• _Information provided_:

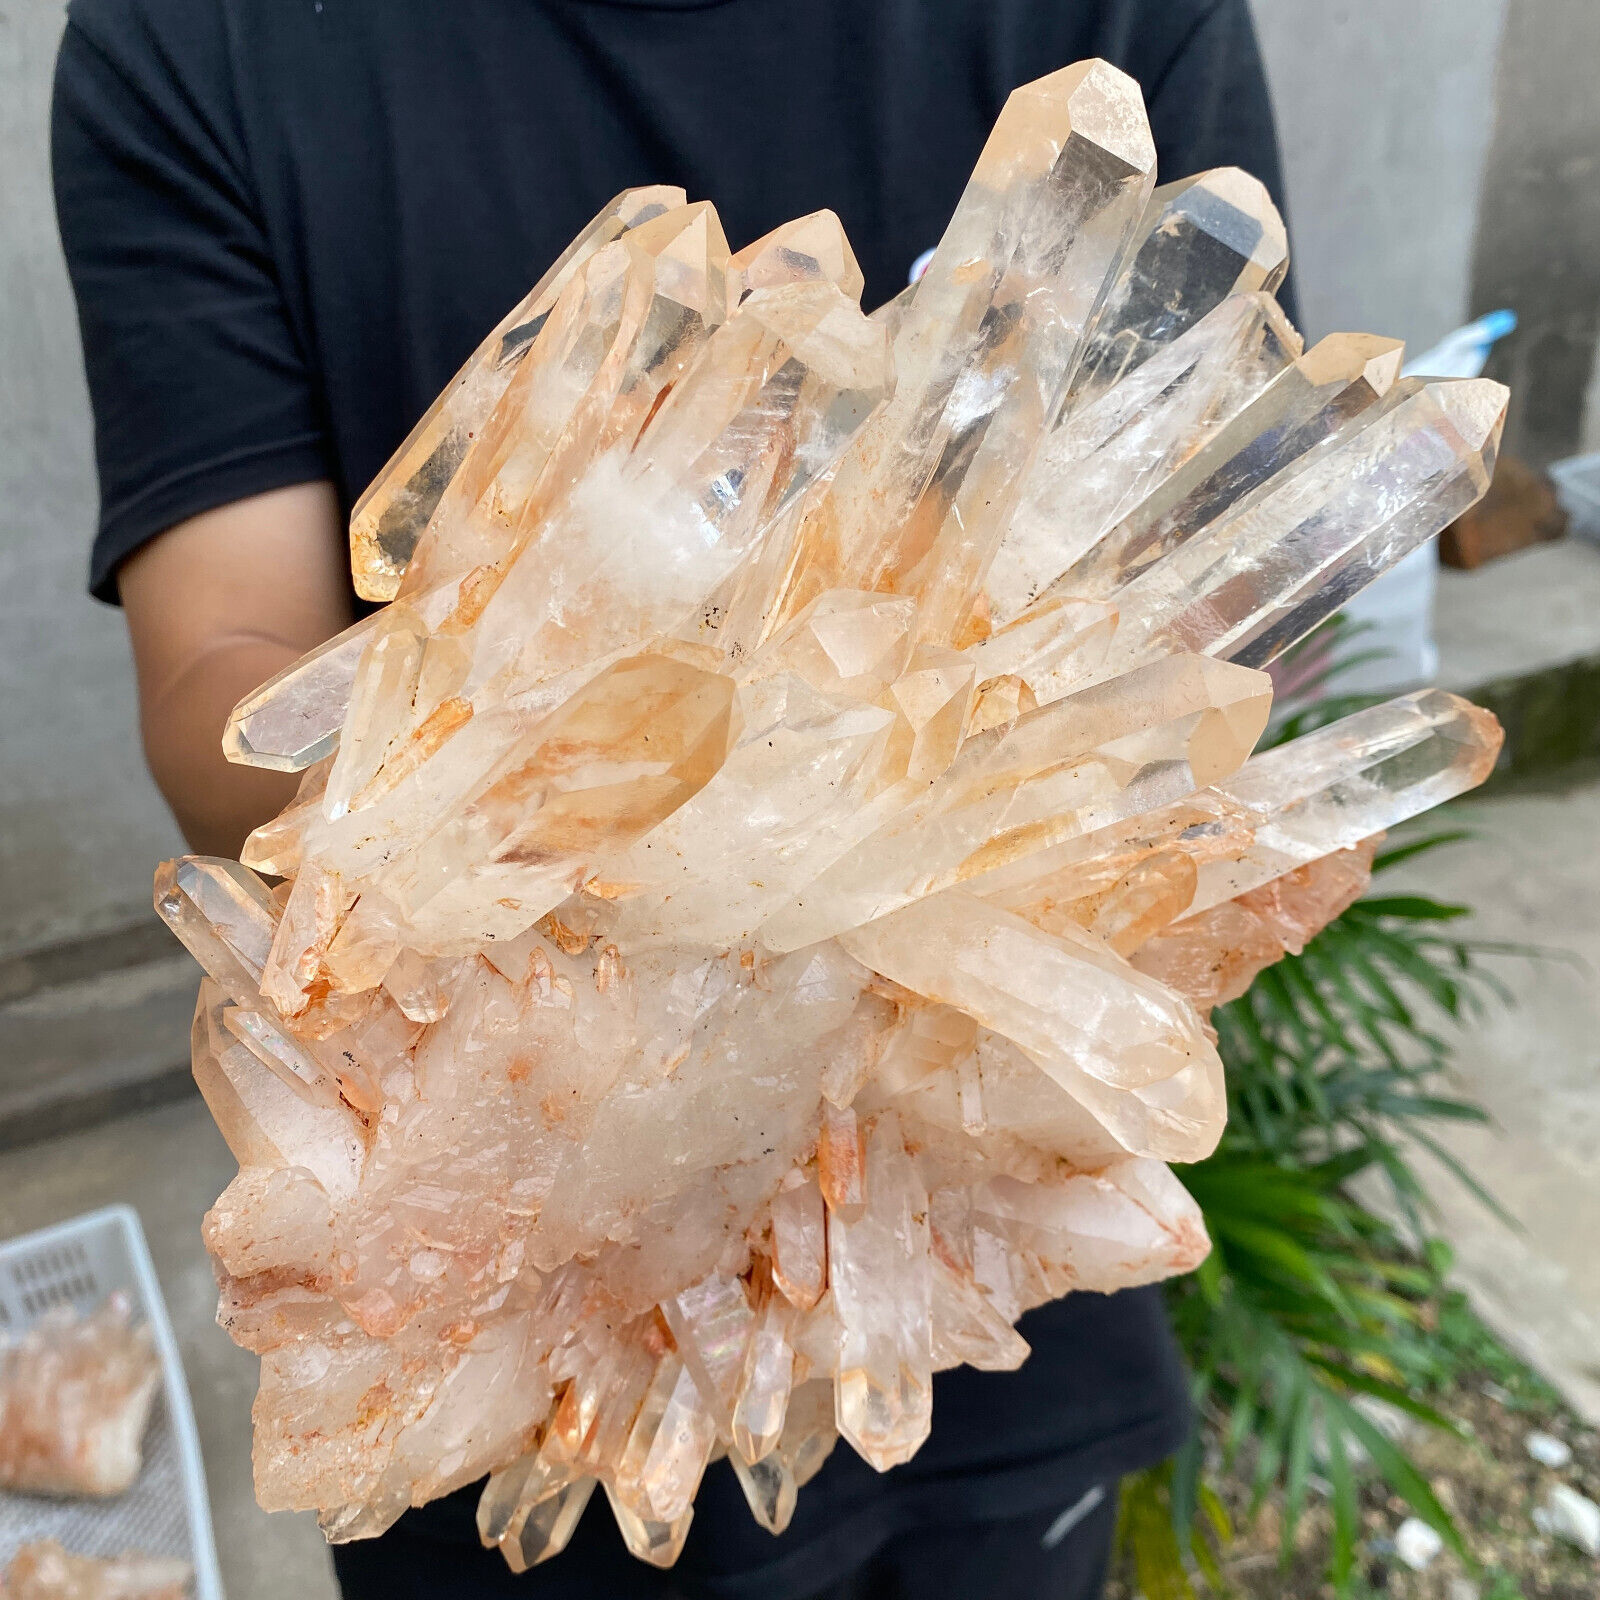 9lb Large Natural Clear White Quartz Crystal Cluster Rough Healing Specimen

* * *

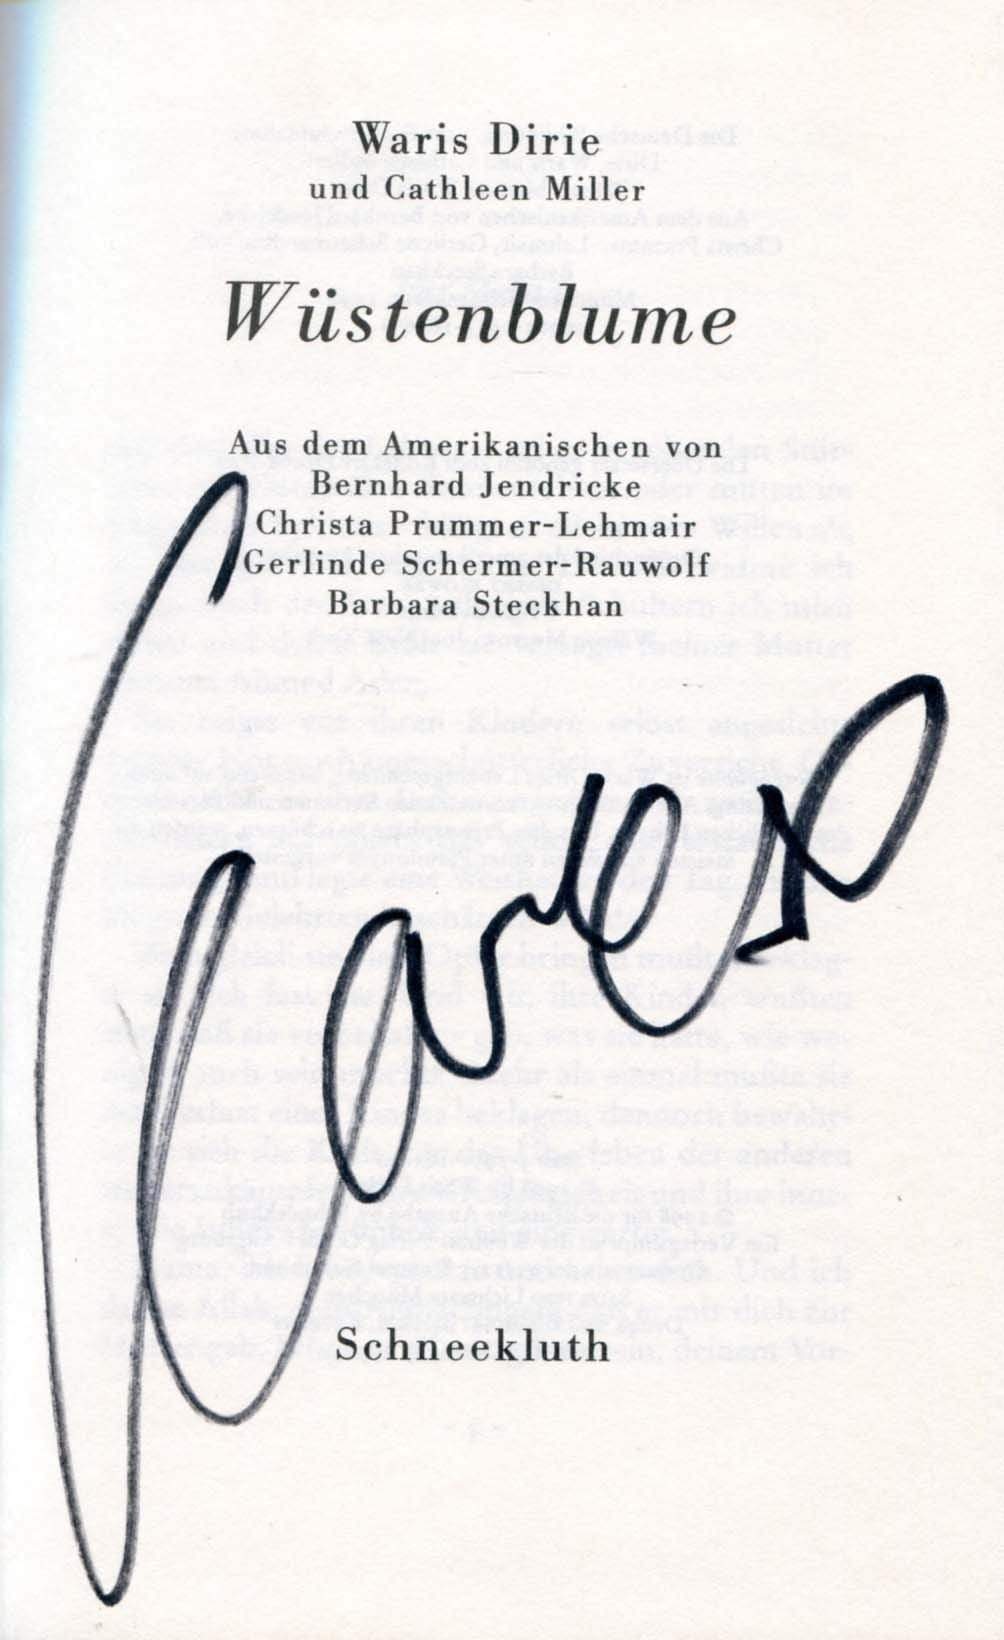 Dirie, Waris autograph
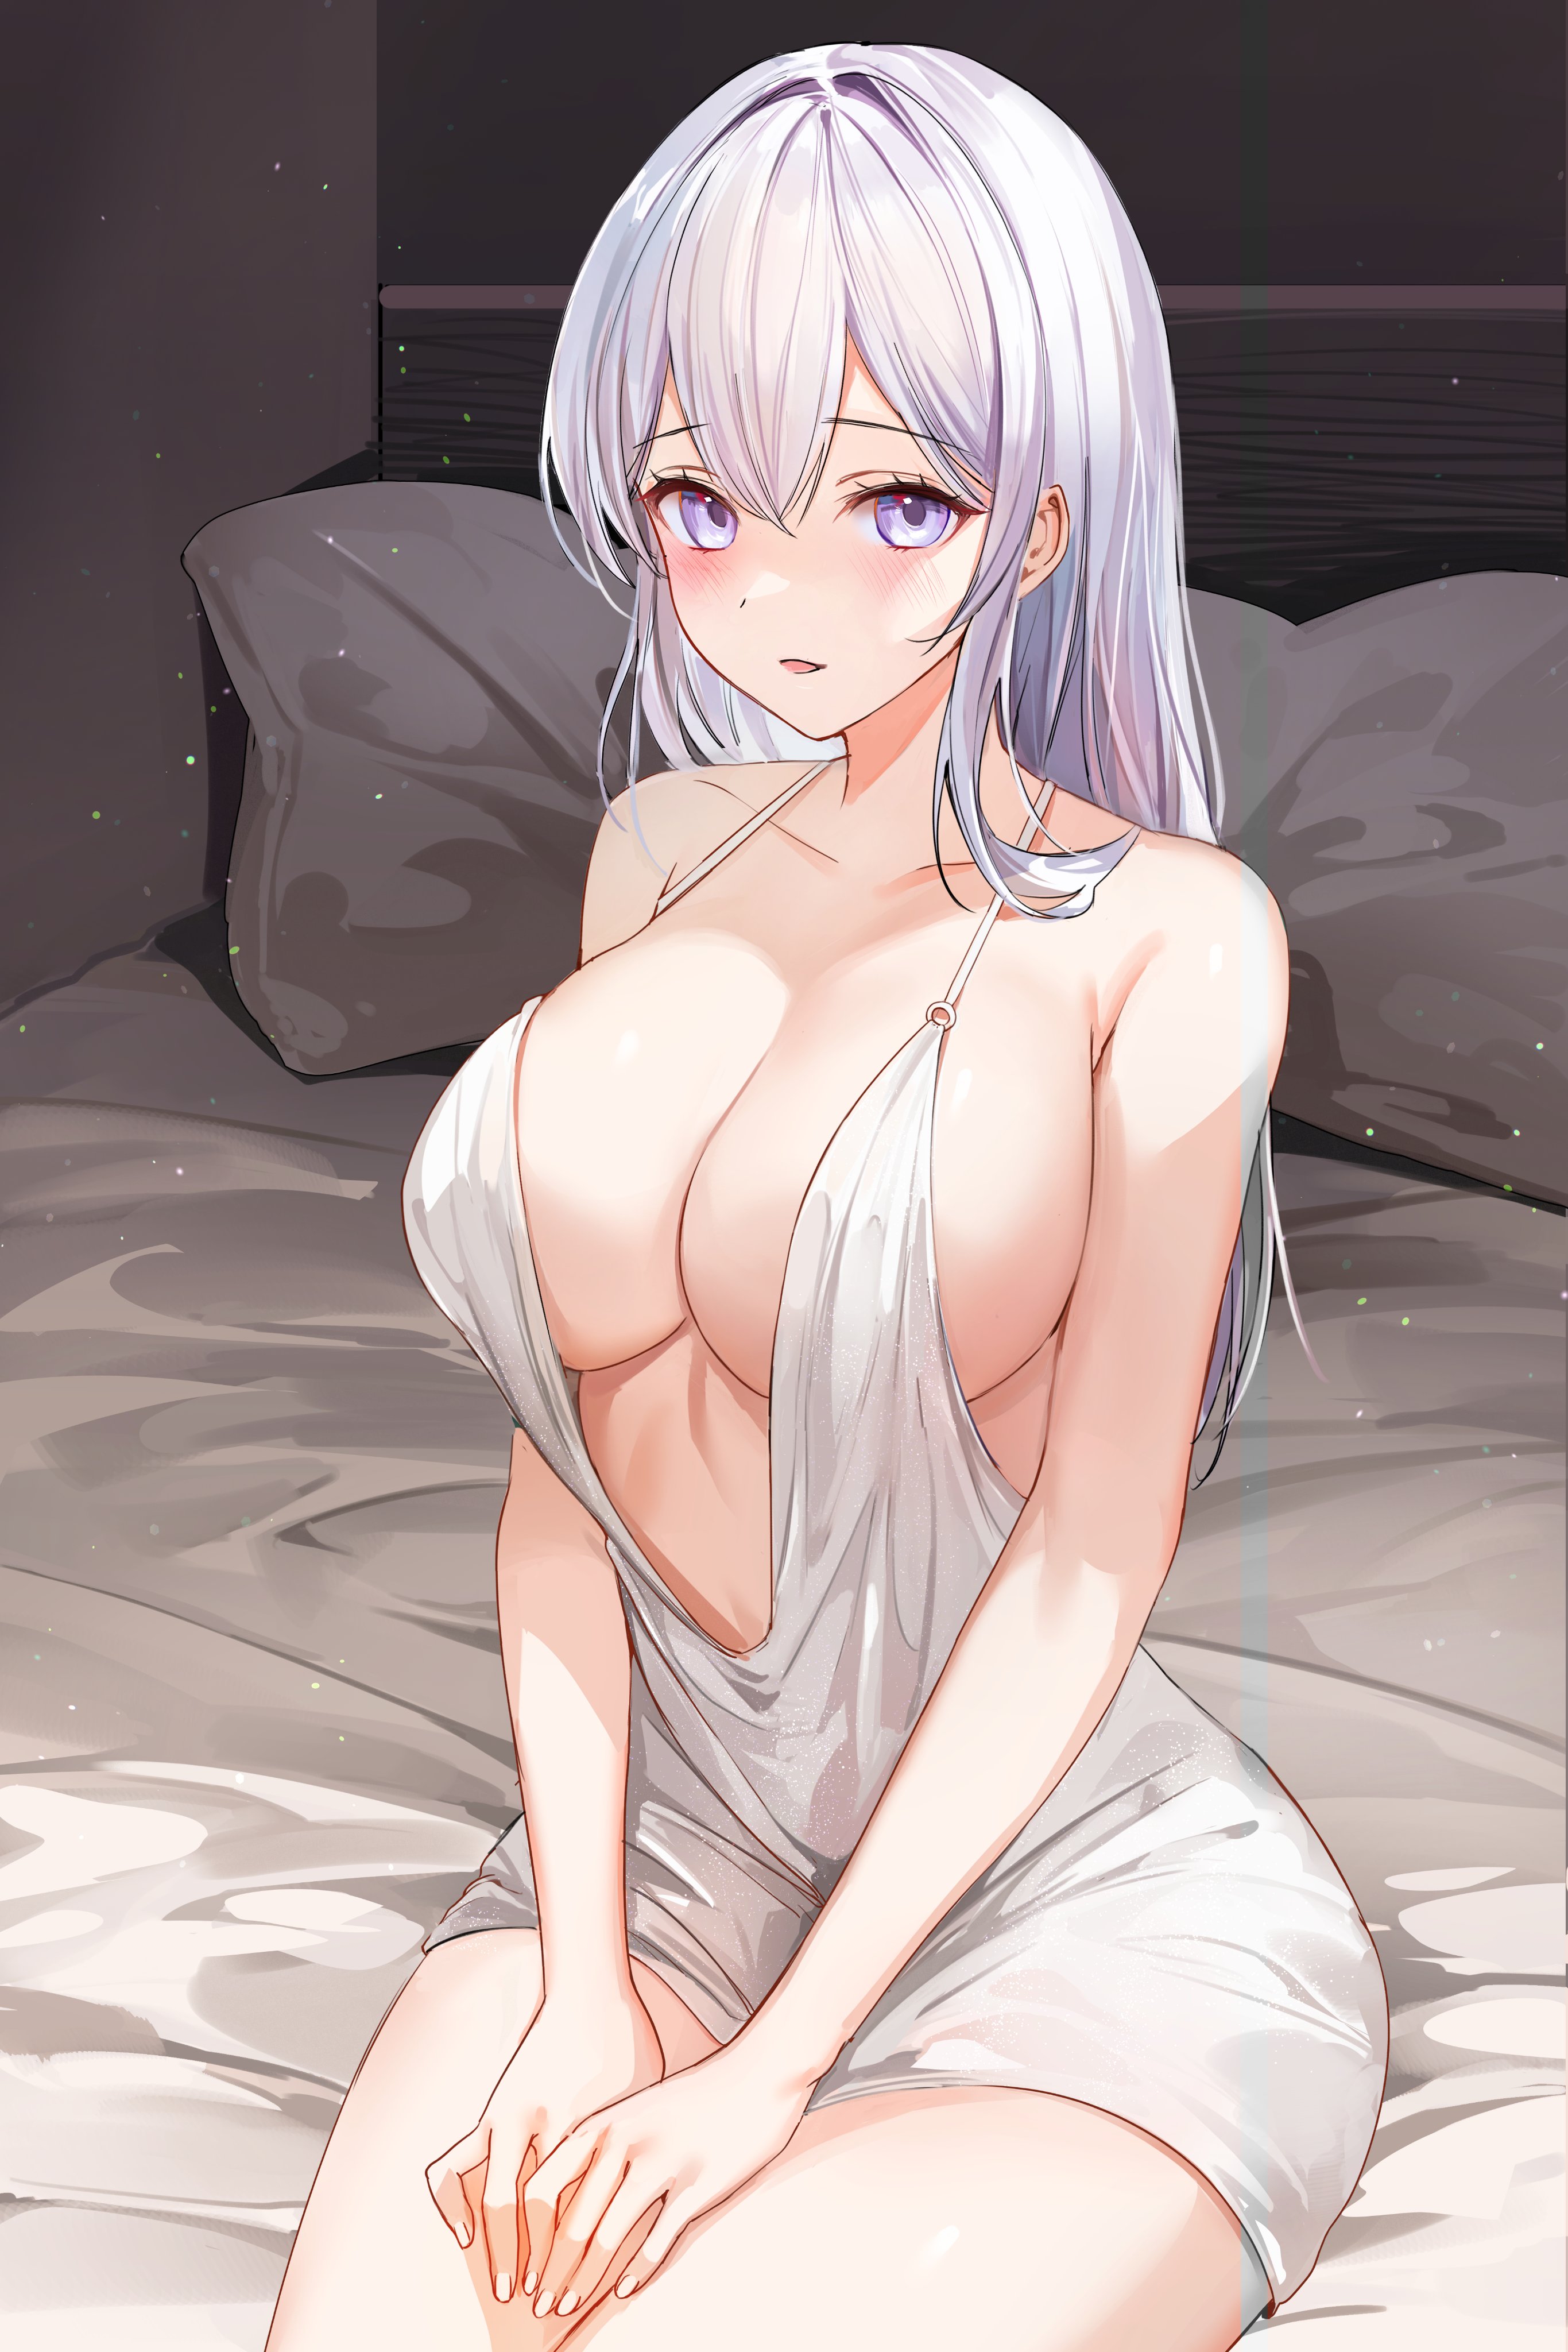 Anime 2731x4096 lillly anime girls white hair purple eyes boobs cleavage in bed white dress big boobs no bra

• _Work to be completed_: Using the data above, copy exactly the lines from the one containing "Dirie, Waris autograph" to the one containing "Anime 2731x4096 lillly", inclusive. Exclude the pictures.

• _Written response_:
 Dirie, Waris autograph
 Anime 2731x4096 lillly anime girls white hair purple eyes boobs cleavage in bed white dress big boobs no bra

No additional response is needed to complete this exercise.